Относительно практики так называемого «допроса» как проверки членов общины ввиду их способности к евхаристии и того, что Лютер написал в 1533 г. жителям Франкфурта: «Мы не хотим делать из Церкви Христа свинарник, и каждого не прошедшего проверку допускать к таинству как свиней к корыту», то здесь необходимо смотреть на исторический контекст происходящего, поскольку далеко не все верно понимали теологические идеи Лютера, а также «христианскую свободу» и прочее, о чём он учил. Что же касается «корыта для свиней» или кормушки, то в Евангелии от Луки Иисус, как известно, ещё младенцем лежит в яслях для скота, в общем-то, символизируя собой пищу для него. Здесь стоит упомянуть Псалом 21, а также вспомним, что написано у Иоанна в гл.6: «51. Я хлеб живый, сшедший с небес; ядущий хлеб сей будет жить вовек; хлеб же, который я дам, есть Плоть Моя, которую я отдам за жизнь мира. […] 54. Ядущий Мою Плоть и пиющий Мою Кровь имеет жизнь вечную, и я воскрешу его в последний день. 55. Ибо Плоть Моя истинно есть пища, и Кровь Моя истинно есть питие». Конечно, тут можно вспомнить и другие слова, написанные у Матфея: «6 Не давайте святыни псам и не бросайте жемчуга вашего перед свиньями, чтобы они не попрали его ногами своими и, обратившись, не растерзали вас», впрочем, эти слова Матфея здесь вырваны из контекста, ибо, далее в гл. 15 Иисус хвалит Хананеянку и приводит в пример её веру, когда та говорит: «и псы едят крохи, которые падают со стола господ их». Так что, я бы был крайне аккуратен в оценке и обсуждении, связанными с практикой введённой в своё время Лютером и смыслом его письма жителям Франкфурта.

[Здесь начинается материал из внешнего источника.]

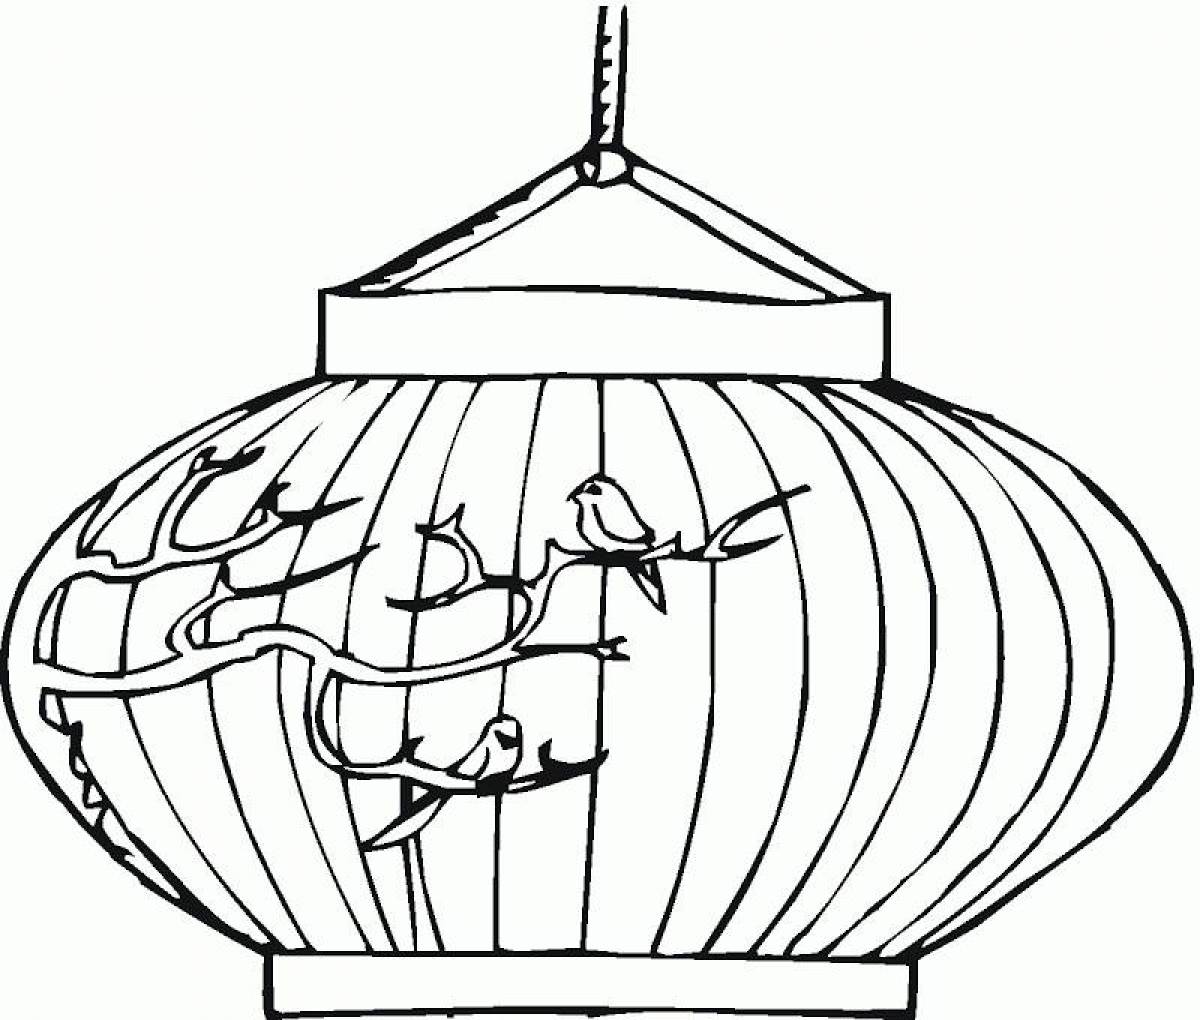 Китайский фонарик
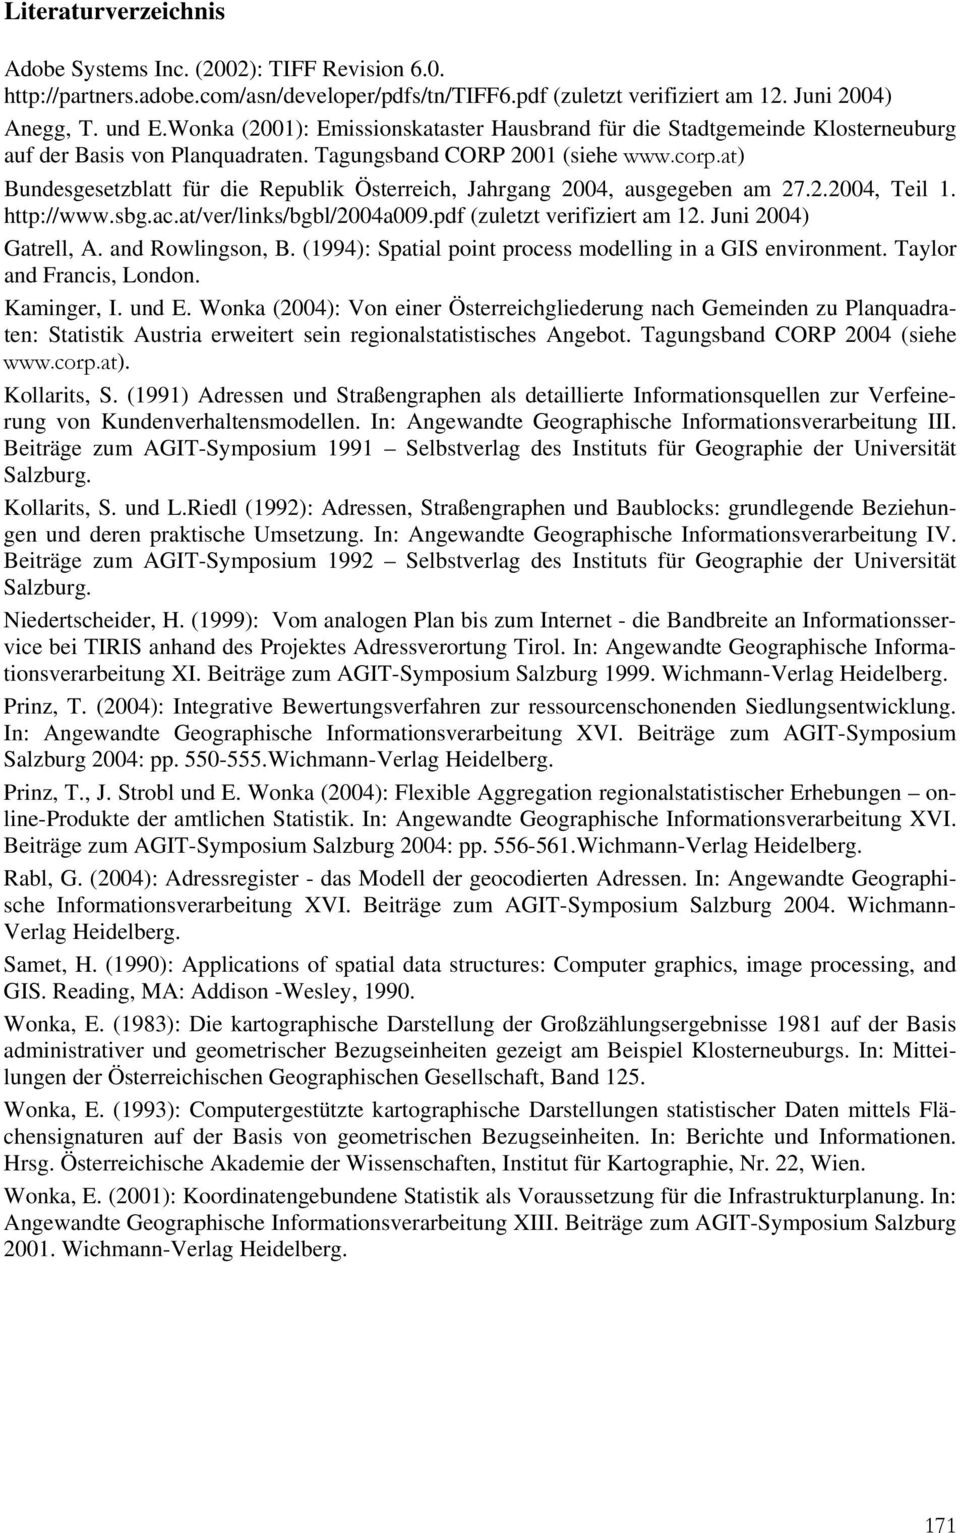 at) Bundesgesetzblatt für die Republik Österreich, Jahrgang 2004, ausgegeben am 27.2.2004, Teil 1. http://www.sbg.ac.at/ver/links/bgbl/2004a009.pdf (zuletzt verifiziert am 12. Juni 2004) Gatrell, A.

Интересно было узнать о том, что «с конца 18 в. все большее значение приобретает совершенно новая практико-теологическая дисциплина – «Пасторская медицина» соотв. «Пасторская психиатрия» или также «Пасторская антропология»».

Очень важно и то обстоятельство, что для «Шлейермахера сохранение и поддержание свободы члена общины является т. о. наивысшей основой наставнического учения. […] Ни в коем случае душепопечительство не должно приводить к зависимости или к духовной опеке». Такой подход вполне укладывается в концепцию учения Лютера и устраняет, или максимально минимизирует возможность появления «младостарчества», «гуруизма» и проч. (Об этом, собственно, автор пишет и позже, говоря о том, что: «существует опасность того, что наставник свои собственные, зачастую глубоко внутренние нормы делает мерой всех вещей. В наставленическую компетенцию, именно в этических вопросах входит способность к самодистанцированию»).

Понравилась мысль о том, что «Божественная встреча помогает преодолеть нарцисские фантазии собственного всесилия также как и мазохистское сомнение в самом себе. Через Евангелие человек познает себя как нечто среднее. «Человек не должен верить ни в то, что он подобен зверю, ни в то, что он подобен Ангелам»».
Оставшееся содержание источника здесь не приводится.